• [Input data]:
+===+
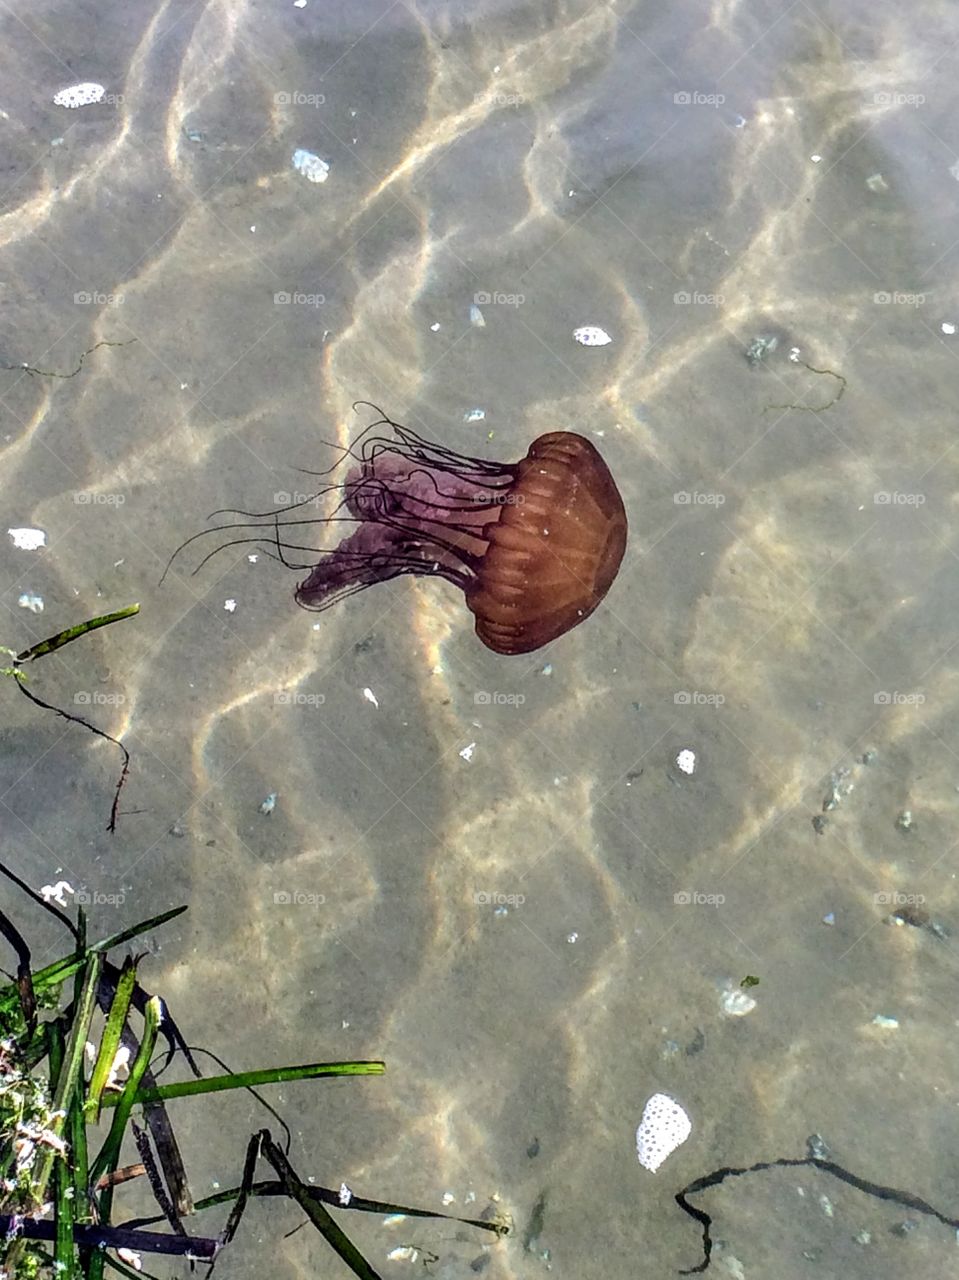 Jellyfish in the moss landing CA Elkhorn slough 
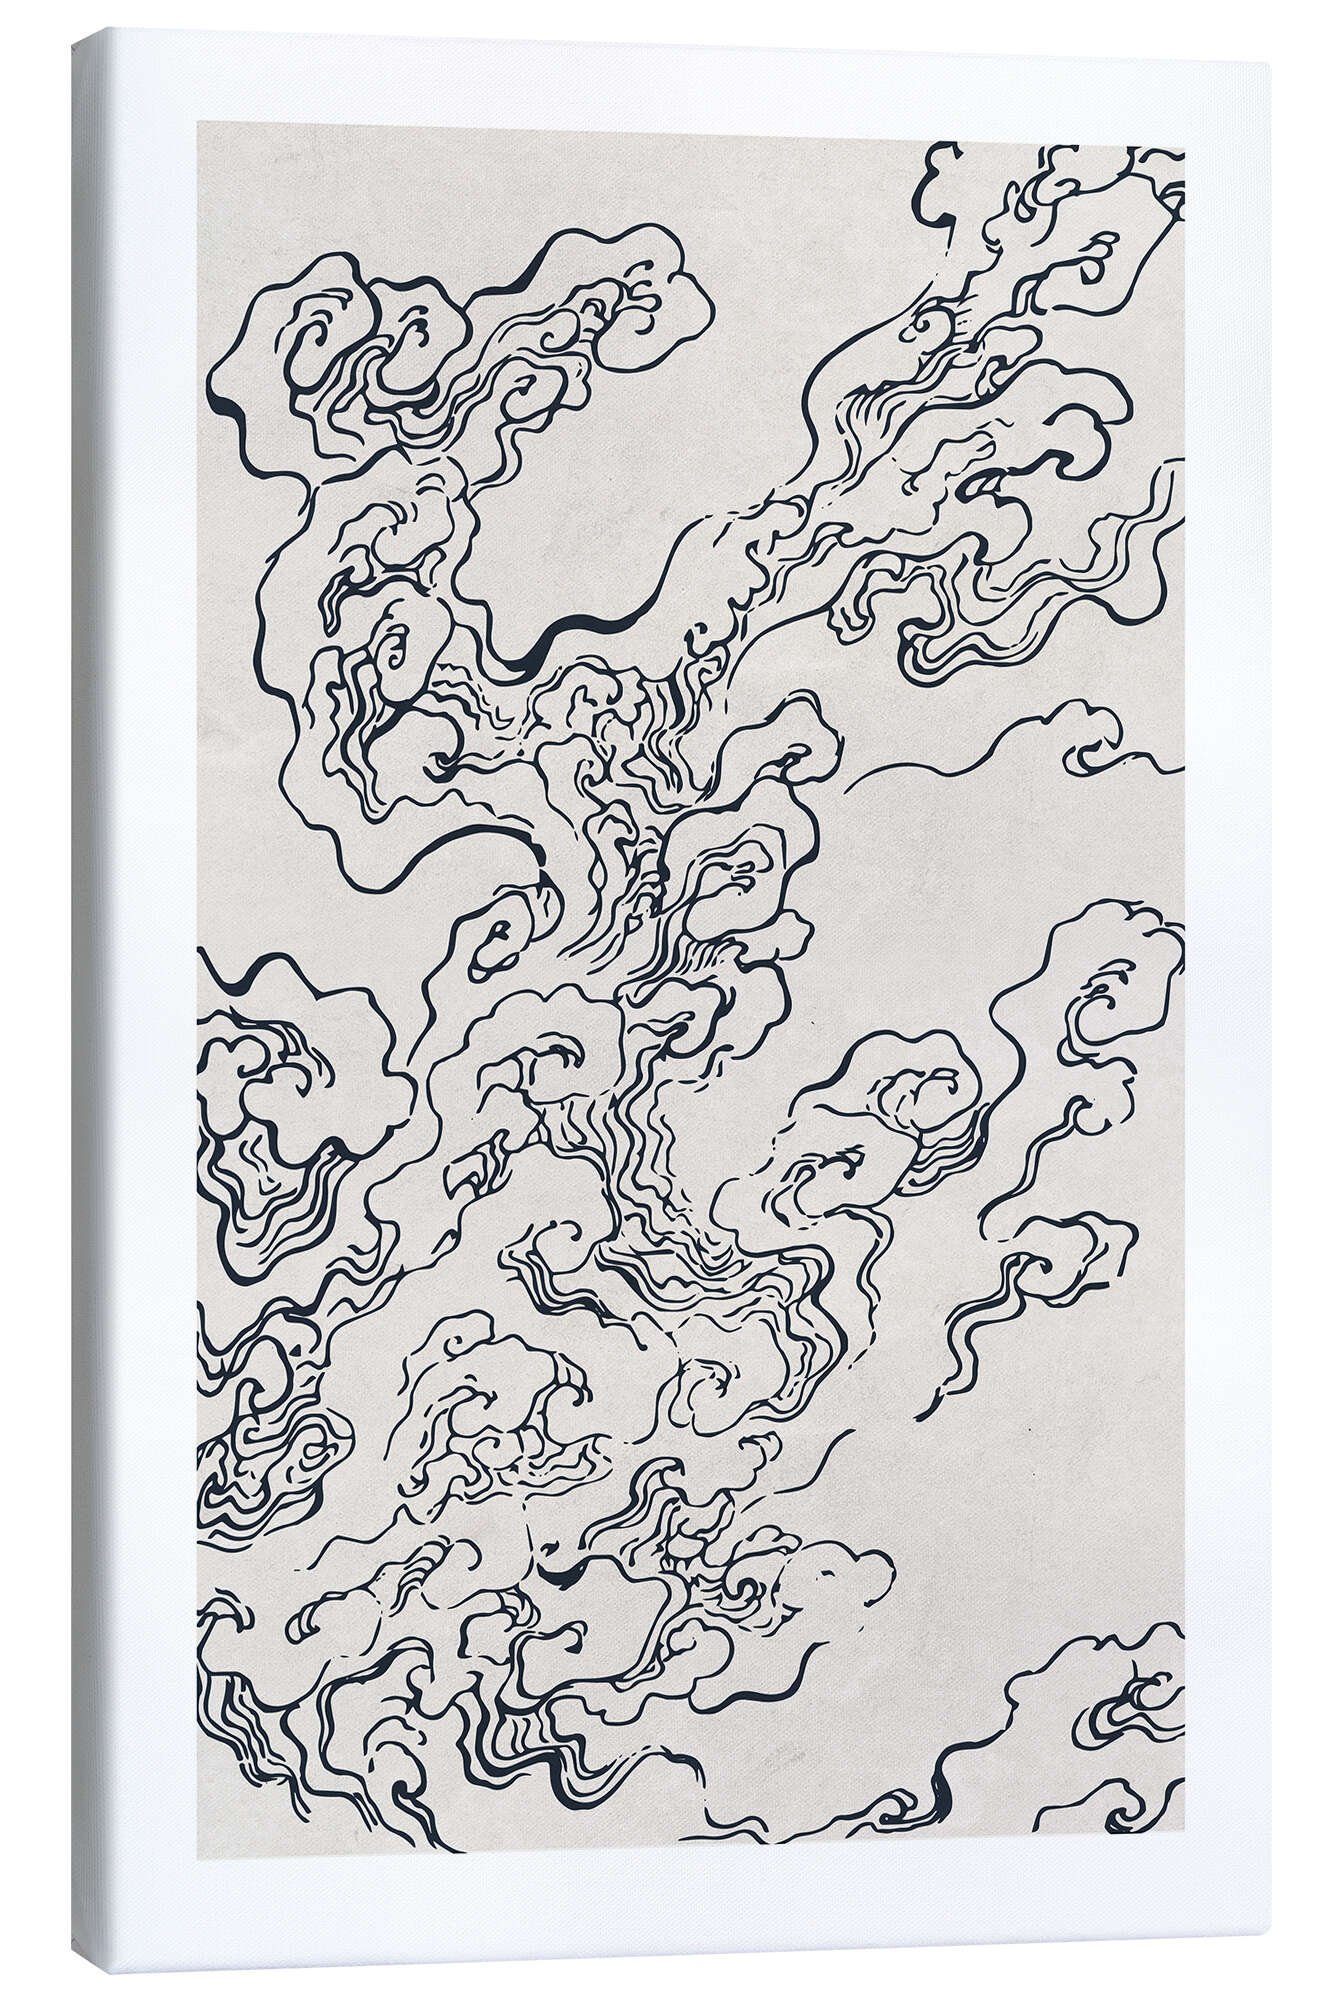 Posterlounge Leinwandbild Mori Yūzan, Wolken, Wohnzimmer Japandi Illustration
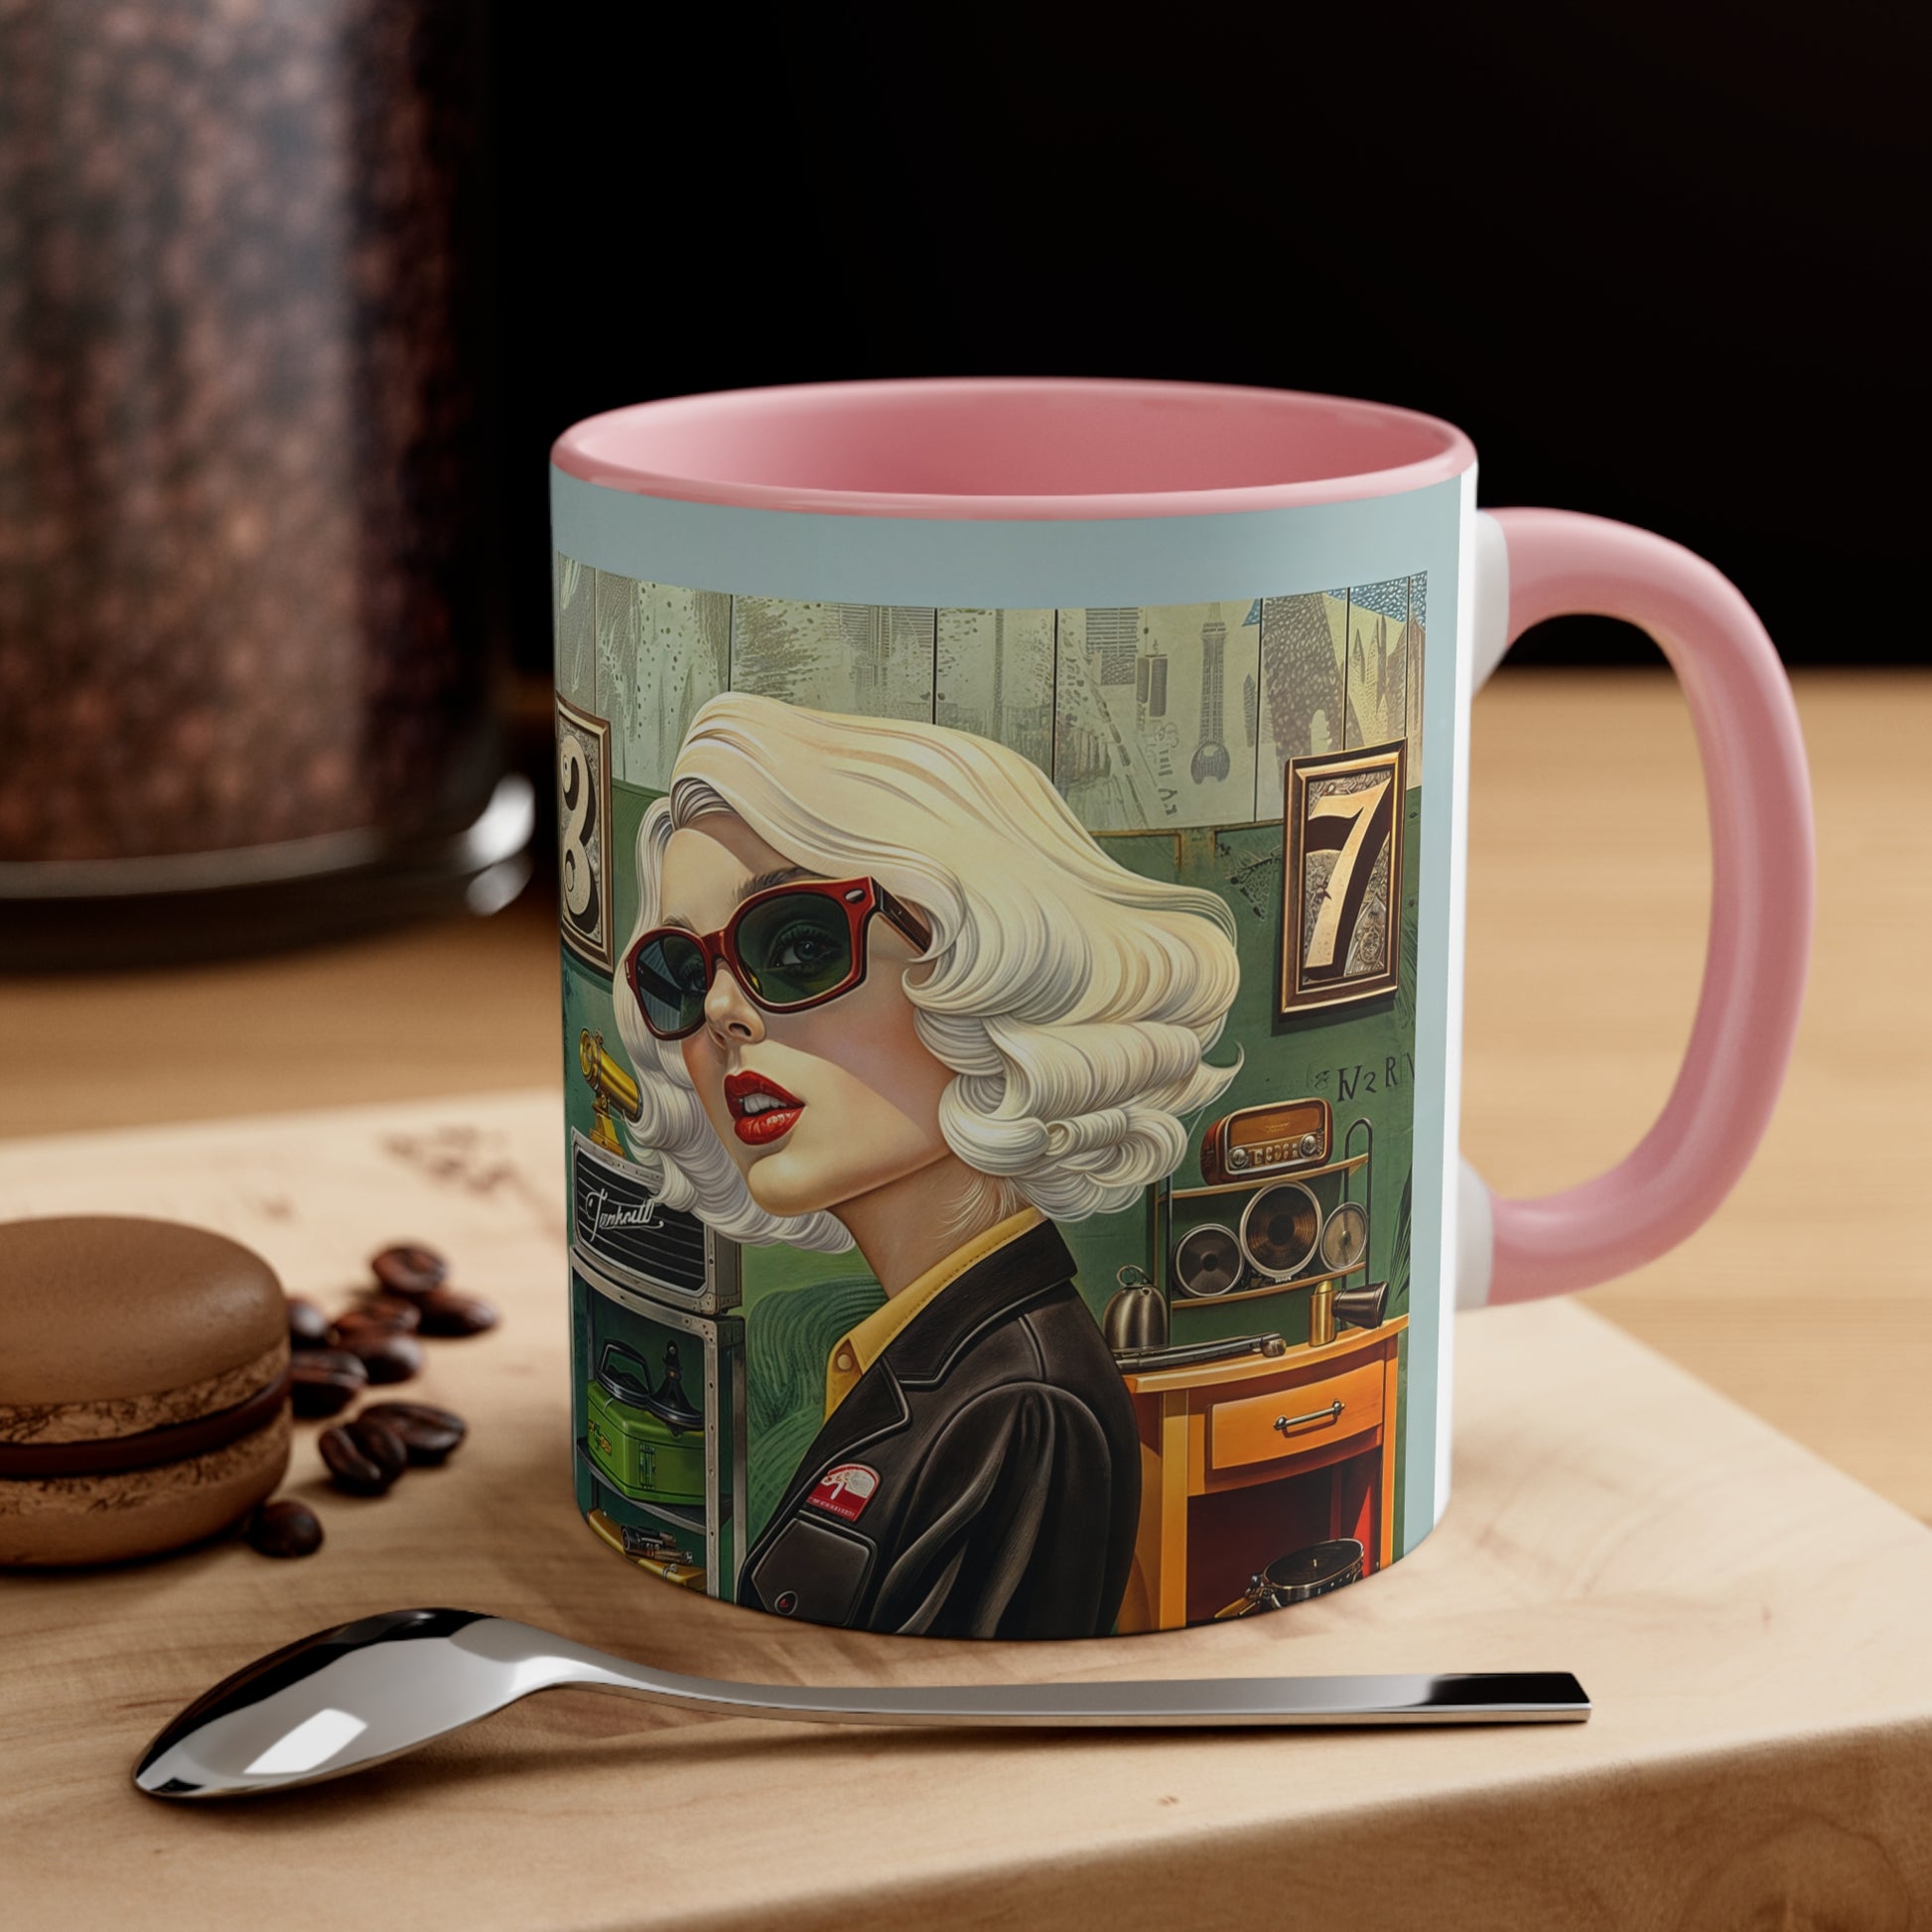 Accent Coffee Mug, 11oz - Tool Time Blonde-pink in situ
+===+
• [Prompt]:
Output all the data, exactly, without images.

• [Output below]:
 Jellyfish in the moss landing CA Elkhorn slough 
 Posterlounge Leinwandbild Mori Yūzan, Wolken, Wohnzimmer Japandi Illustration
 Accent Coffee Mug, 11oz - Tool Time Blonde-pink in situ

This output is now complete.